For BJTs, use Shockley's Equation. Or figure 30 ohms at 1mA, higher at lower currents.

Additional BJT problem: the R-C in the emitter reflects out to the Base terminal. And you almost always have another R-C network there. They interact. The only "Sane" approach is to make the emitter cap Much-Much-Much bigger than it needs to be, and find your bass roll-off in the Base network.

470uFd against 30 ohms is -3dB@12Hz. This is low-enough for many audio purposes.

470uFd is BIG. Even though typically under 3V, it is bulk and cost. In mini-work it is tempting to downsize the emitter cap to dump any excess bass.

A "great" emitter bypass will give Too-Much Gain for any sane (non-distorting) purpose. We often stack a hundred ohms or so in series. Now the resistor is "most of" the R in the network, we don't have to figure emitter internal resistance, we don't need such a huge cap.

[PRR]

> I always hated matrix algebra; I could get to a usable answer while the other guys were setting up the matrixes. My answers were never exact, but boy were they fast, and usually good enough.

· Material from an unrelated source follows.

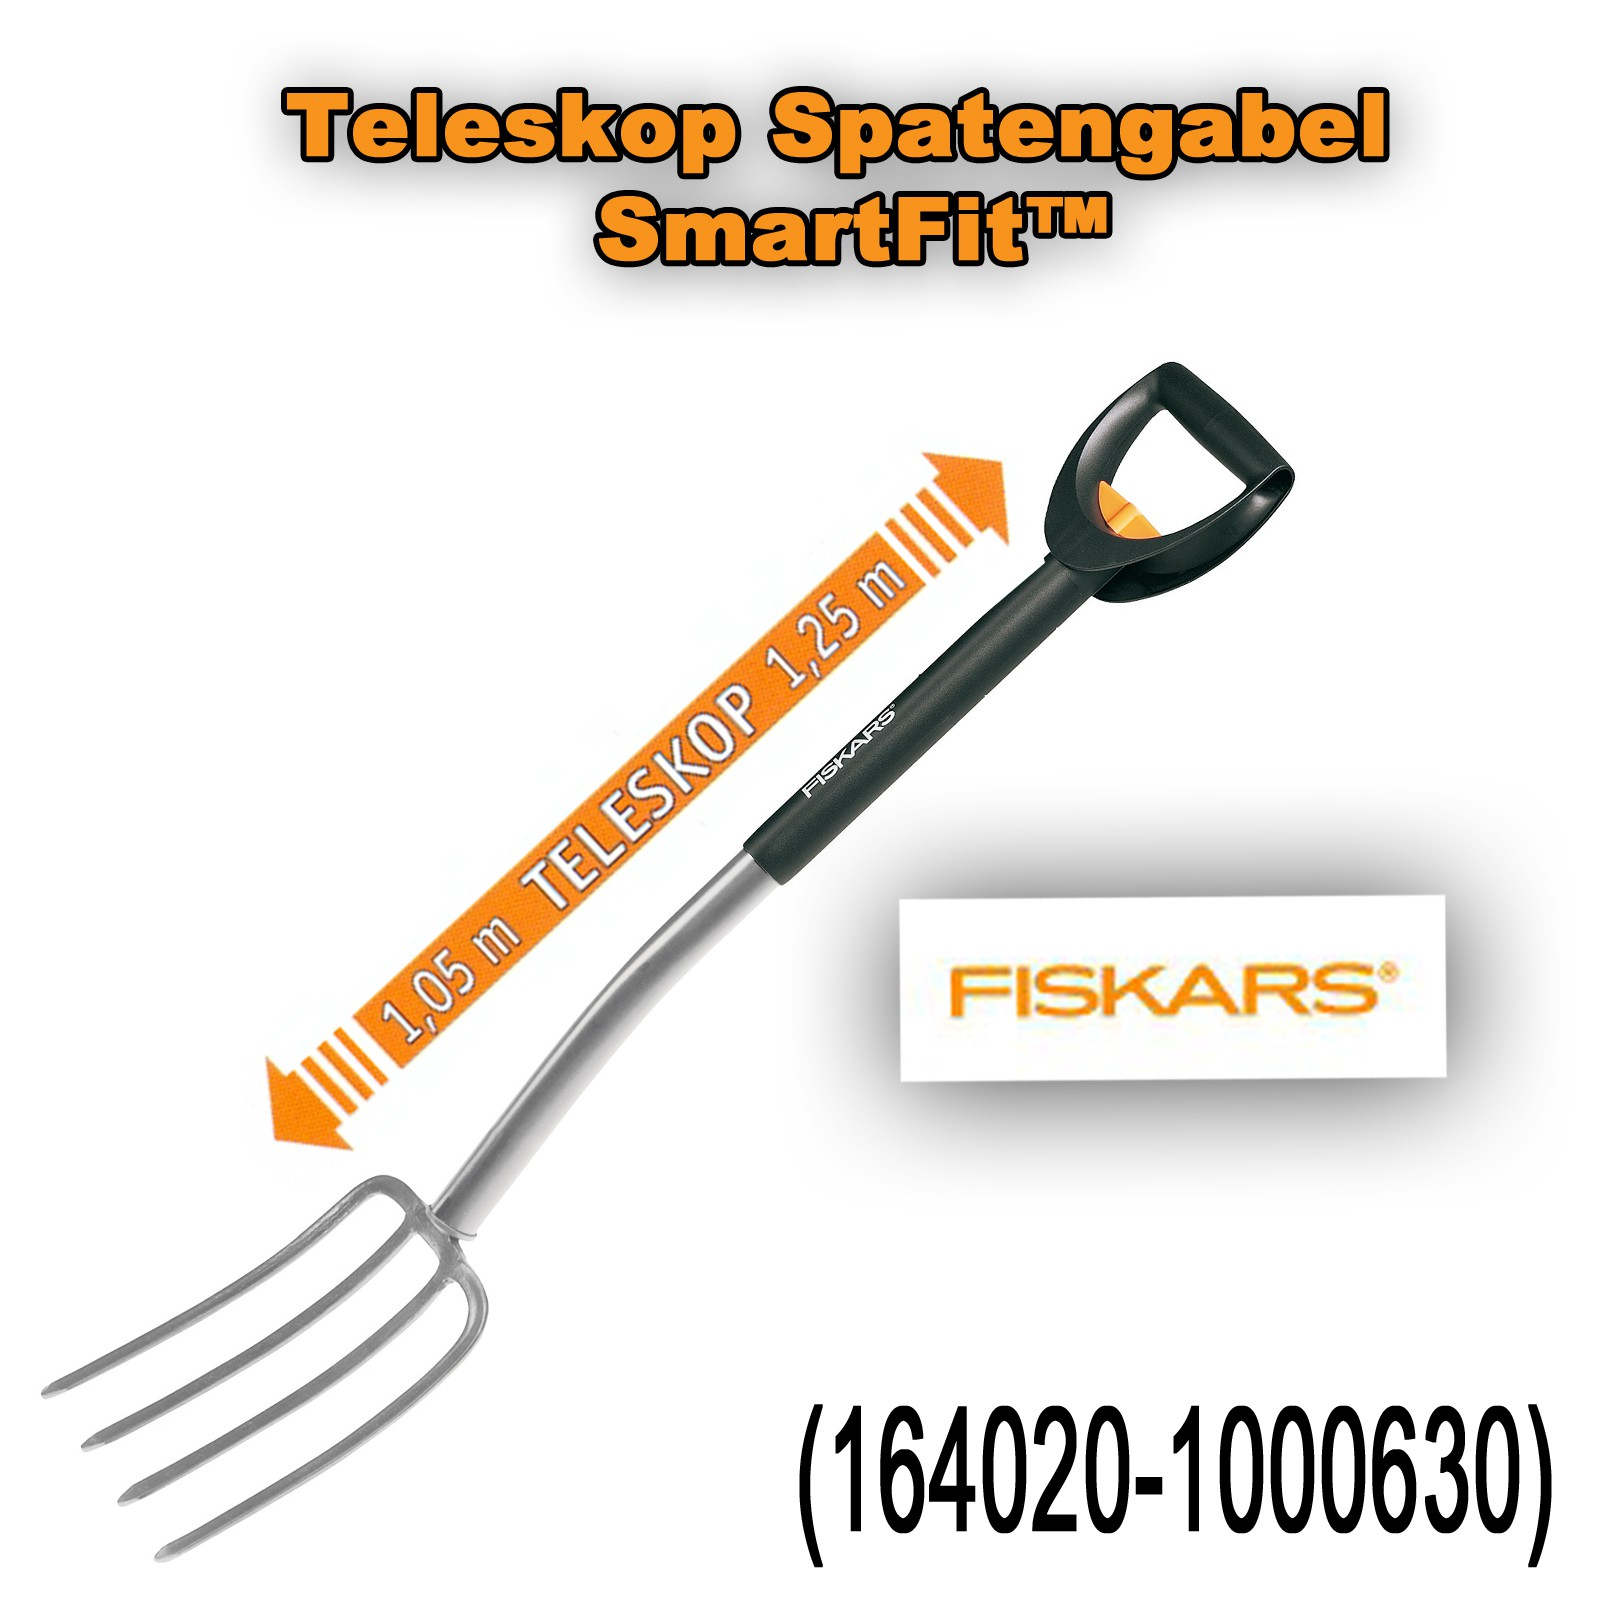 Fiskars Garten Spaten Grabgabeln SmartFit™ Ergonomic™ Auswahl 1000630

You can SPICE and let the idiot set-up the matrices. Of course when it gives you silly answers you don't know if they are right, or you did something wrong, something that will take much longer to find than it did to set-up. (Older SPICE is prone to m vs M mix-up.)

You would not like Kuehnel's Bassman 5F6a book. He analyzes a classic stage amplifier using matrices and Cramer's Rule. I never heard of this Cramer; turns out it is a computationally intense method that was "useless" until computers. Funny thing about math though: you should always get the same answers, and since all input for tube-amps comes from tracing old-old hand-drawn curves (and real tubes vary +/-20%), great precision is impossible. Two thumbs, one sheet paper, and occasional calculator, I quickly confirmed all his results up to page 141 (where his computer lost a square-root sign).

Picking BJT emitter caps (with no series resistor) is the only place I'd use more than a matchbook cover. Here I go with Cherry-Hooper.... if it matters, make the cap BIG. Sub-Hz if your budget allows.

[tubegeek]

Cramer's Rule. I never heard of this Cramer; turns out it is a computationally intense method that was "useless" until computers.

Kind of off topic:
It's interesting to me that you two, both so very analytical and sensible thinkers about electronics, express so much frustration/impatience with matrix algebra. It's interesting because matrix algebra is exactly where I gave up on math in college myself - I started my undergrad as a physics major and the field required a parallel study of math in order to support the physics.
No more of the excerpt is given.